Hi again! That's definately the problem with people like us doing caring. You're always expected to be on the go and doing something. It's makes things so much harder when you struggle to do the things to get there in the first place. I just want to scream sometimes when people just generally ask if I'm ok. NO! I'm not ok! I've just spent ages trying to get ready to come here, managed to walk and am exhausted.. And now you want me to work?? I just think sometimes what the hell am I doing? Can you imagine those people feeling the same? Putting up with all this and doing the same to their bodies? I don't think they would be!
I actually still live with my parents. Well, moved back out and back in a few years later.. And then got ill so that completely changed the future I was planning. My Mum is also ill with COPD though so we can't really help each other out nowadays but I do have a really supportive boyfriend. He'll help out when I'm struggling with things.
I hope you manage to sort something with work.. And wishing you the best too
I will do, will be nice to know how you're getting on
Hey there teecayc.....I know that feeling only too well.....getting to work & feeling like I'm the 1 needing taken care off!!! lol I often think I'm in a worse state than some of the clients!!! lol but I get good days now & again which makes up for the not so great days so I try & get as much done at home as I can so I don't feel as guilty not doing as much on poorer days
I have had my meeting with work and as nice as they were about things they need answers also so I've been given 2 weeks to come back to them with a decision on whether I'm staying permanently on reduced hours or going back up to my full time hours when my final reduced hours line runs out in mid-sept so I've made an appointment with my GP to discuss things & it's a double appointment & I'm taking hubby with me so I've no excuses for brainfog getting in the way!!! lol going to request my medical file first though & go through it with a fine tooth comb as I have reason to believe it's not got all my symptoms that i've been telling them about every visit.......will see what comes from that
Hi, sorry I missed this! How are you getting on? Are you still on your reduced hours?
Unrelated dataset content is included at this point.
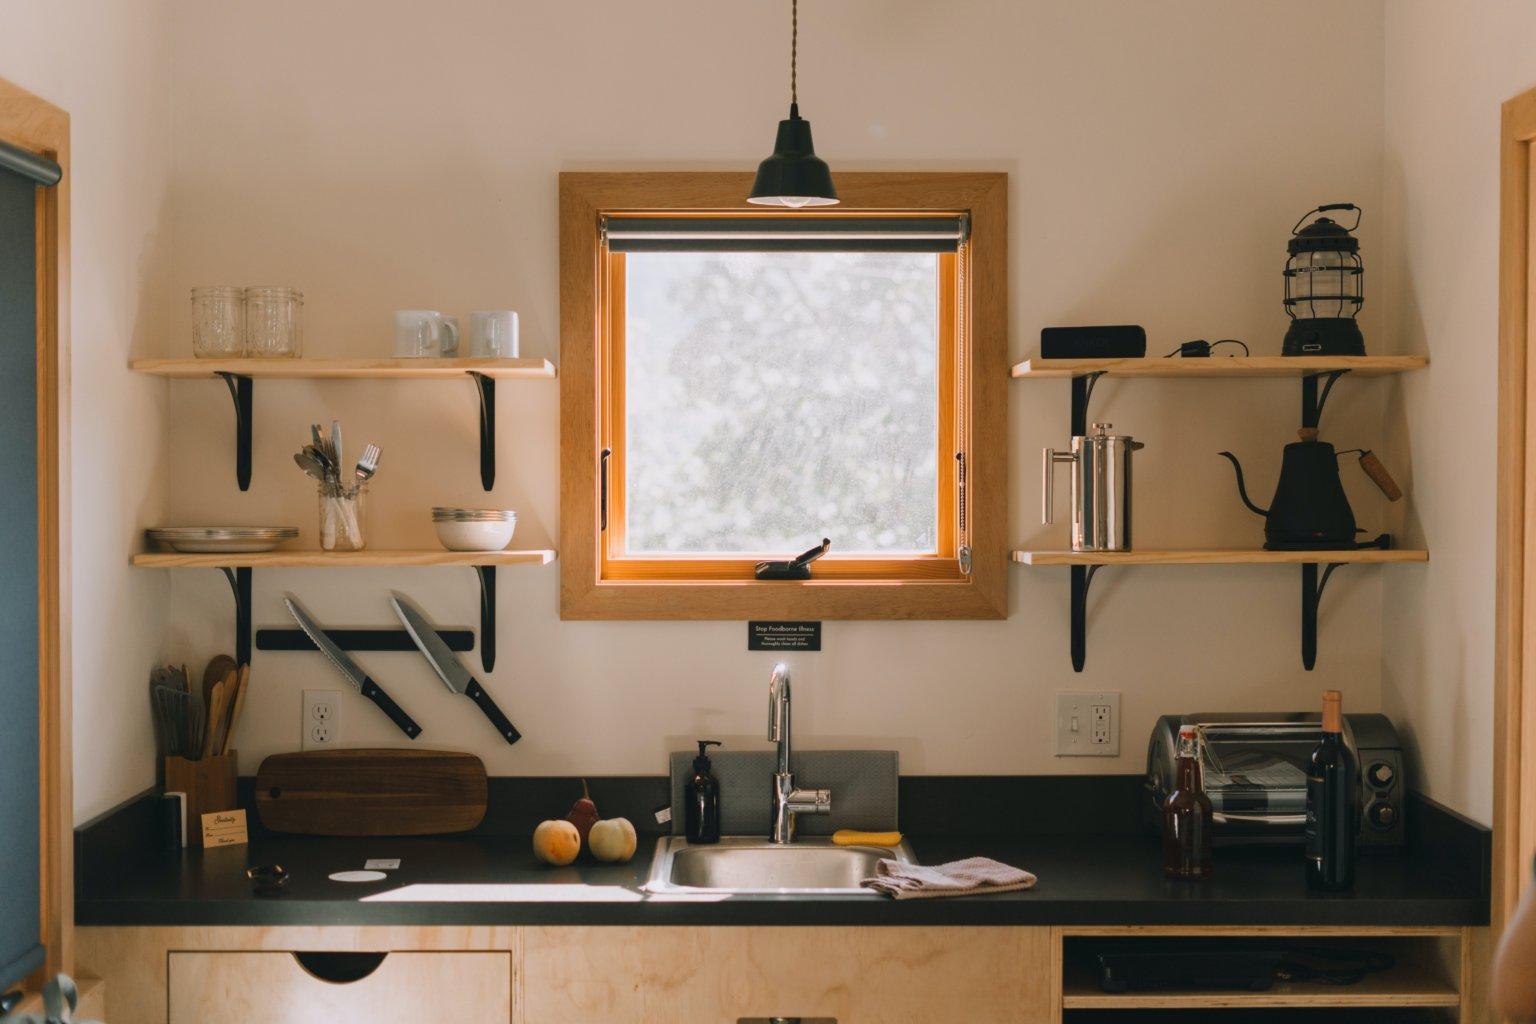 Căn bếp cá tính và cuốn hút nhờ decor tường ấn tượng - Ảnh 9.

Things are a bit better regarding work thank you. I have a sick note for 3 months as I went to the docs and said I wasn't managing. It's unbelievable how much of a weight has been lifted, it's near amazing! I'm not constantly worrying about fitting my "outings" in on seperate days etc, My stress levels have gone down drastically and I just can't believe how I managed to do that to myself for so long, physically and emotionally. Although clearly my manager had no idea. When I rang to say i hadn't been managing she came out with "well you did look a bit pastey the other day." I was swearing a lot a long time after this, I couldn't quite believe it. A bit pastey? Just insulting!
i've seen citizens advice again too and she clearly explained what the questions on the ESA form properly meant and I've scored up points!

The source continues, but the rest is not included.